For those readers who have met me, it will come as no surprise that I was a bit of a geek when I was doing my undergraduate studies. And that was long before geek was in any way sexy. Sheldon (from ‘The Big Bang Theory’ and not @ben_sheldon_EGI) probably hadn’t been born. However, one day one of the cool gang of undergraduates did talk to me. She wondered whether she could use my results from a practical she had been ‘unable’ to attend. I wanted to help but I was also concerned she’d copy my data and I’d end up being the one hauled over the coals for plagiarism. So I came up with a cunning plan. I wrote some code on the VAX (look it up online if you’re under 45) that took my data and generated a pseudo random dataset with many of the same statistical properties as the dataset I had collected. It took me most of the night. Nicole seemed happy, but not sufficiently so to come for a drink with me.
This exercise was a great way to start to learn about statistics, and it made me appreciate that statistics was primarily about decomposing variance. I say ‘start to learn’ because each time I learn a new statistical method, someone, with probability 1, invents a more powerful one that I am supposed use. I can illustrate this by looking at papers I have been involved with analyzing survival rates in Soay sheep. When I started my first post-doc in 1994, logistic regression was all the rage. When I applied it, I found that age, sex, density, body weight and weather explained considerable amounts of variation. But, of course, this analysis was biased because we didn’t correct for imperfect recapture rates. So we did that. Then we had to go all Bayesian, as that had become the trend. Then we explored model space as well as parameter space within each model using Reversal Jump Markov Chain Monte Carlo. By this point I am using ‘we’ in the loosest possible sense. I was collaborating with, among others, Byron Morgan, Ted Catchpole, Steve Brooks and Ruth King who are some of the most capable statisticians on the planet. At this point the methods started to get a little more vague. I have a recollection of discussing a Frequentist version of Reversible Jump Markov Chain Monte Carlo called Trans-Dimensional Simulated Annealing. I remember thinking that sounds cool, and that I can make myself sound more intelligent than I am, by casually dropping the methods into a blog at some point in the future. Anyway, by the end of all this statistical wizardry we had come to the conclusion that survival was influenced by age, sex, density, body weight and the weather. This is not to knock all this work at all – reaching the same conclusions was by no means guaranteed, and we now had less biased estimates with more appropriate levels of uncertainty.

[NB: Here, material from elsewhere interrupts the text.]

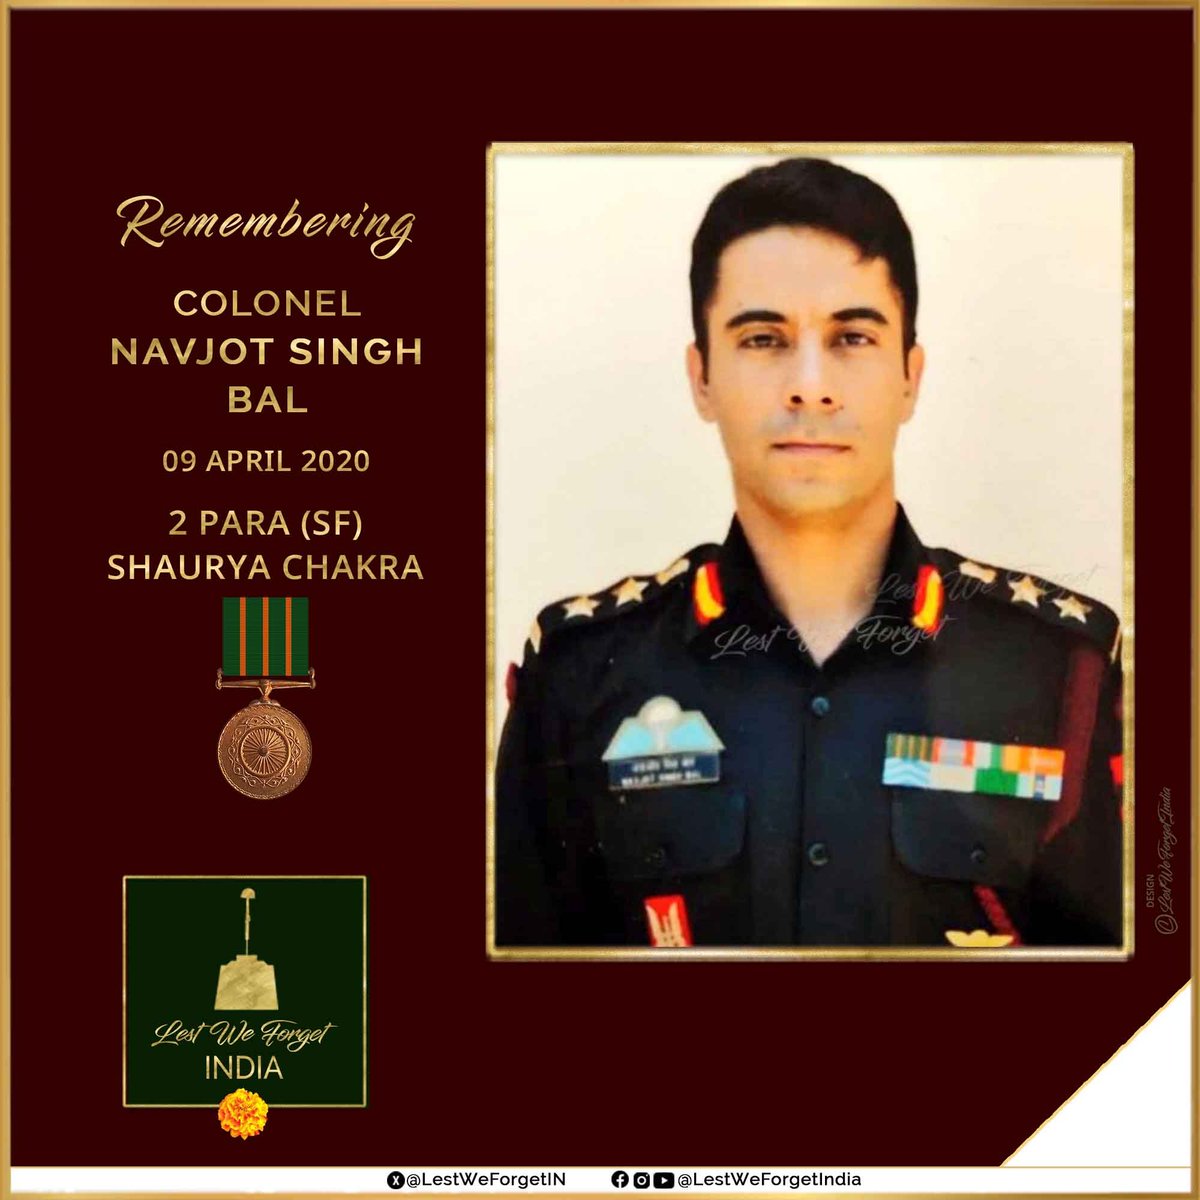 Remembering the extraordinary life of a gallant #IndianBrave on his 4th death anniversary today. #LestWeForgetIndia🇮🇳 Colonel Navjot Singh Bal, #ShauryaChakra, former CO 2 PARA (SF) lost his life to cancer, #OnThisDay 09 April in 2020, in Bengaluru. He was 39 years old. Hailing…
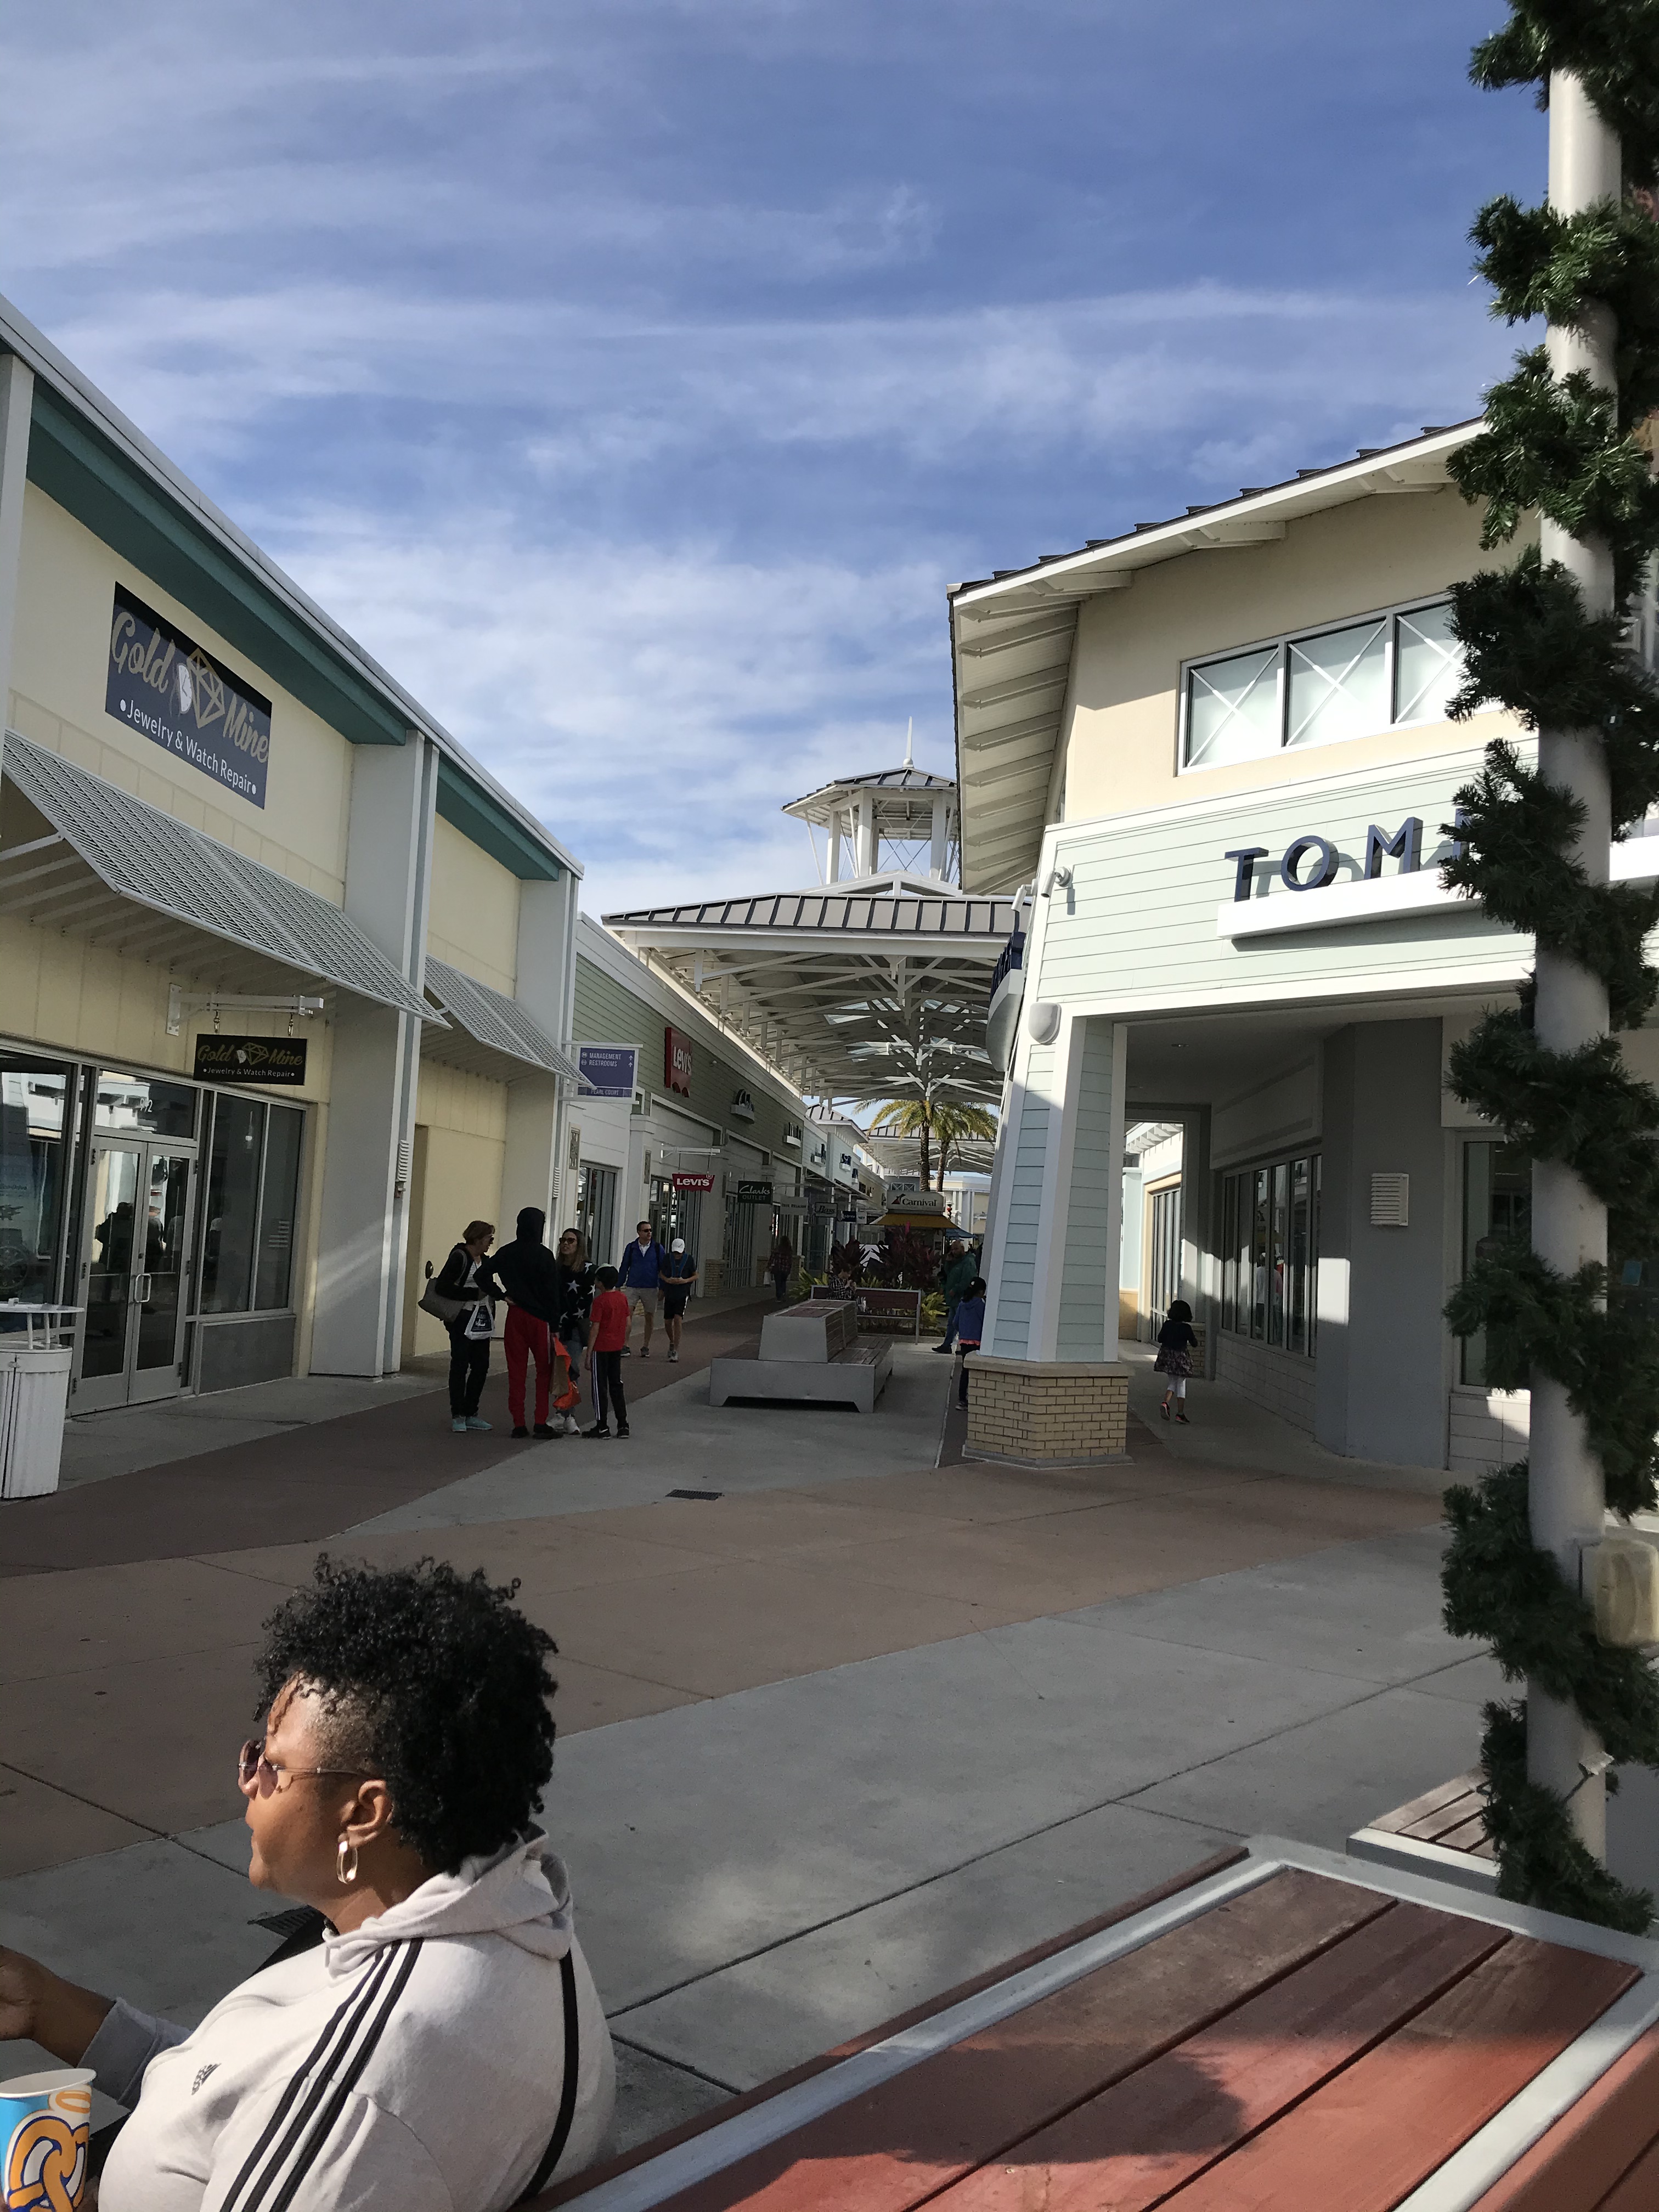 clarks outlet tampa

I suspect that one of the reasons that we reached the same conclusion across a range of ever-more-complicated statistical methods of increasing complexity is because the data are pretty complete – the recapture rate is very close to unity –, the signatures in the data are strong, the data are measured with limited measurement error and we always used the same linearized association between survival and our explanatory variables.
Collaborating with brilliant statisticians proved useful for a multitude of reasons. I was forced to learn a fair bit about each of the methods we used. Usually this was not sufficient for me to efficiently apply the methods myself, but it was sufficient to understand the theory behind the methods. I reinforced my earlier insights from helping Nicole: all statistical methods are based on decomposing variance in data, but they differ in what variance is being decomposed (your y variable or the process being modeled), the choice of underlying model being fit (additive, non-additive, linear, non-linear), the components into which to decompose the variance (measurement variance, sampling variance, variance due to fixed or random effects), the way the parameters are estimated, and the way goodness-of-model fit is assessed.
Personally I don’t request authors to fit more complicated statistical models when I do not know how to assess how well the model fits the data. Many reviewers feel similar, and often suggest that a more statistically minded reviewer looks over the paper. However, this is not always the case. I have (at least) two bugbears that repeatedly irritate me, and I see them quite a lot as an editor of JAE. One is reviewers who I know struggle to conduct a t-test, requesting authors to conduct something like non-linear mixed effect models with a rather exotic error structure when it is clear from the figures in the paper that no matter how the nicely designed experiment is analyzed, the extremely strong patterns in data cannot be forced away. As an editor I quite frequently tell authors that they do not need to run the more complex analysis, primarily because assessing the goodness-of-fit of very complex models is usually a challenge, and one that statisticians can’t always agree on.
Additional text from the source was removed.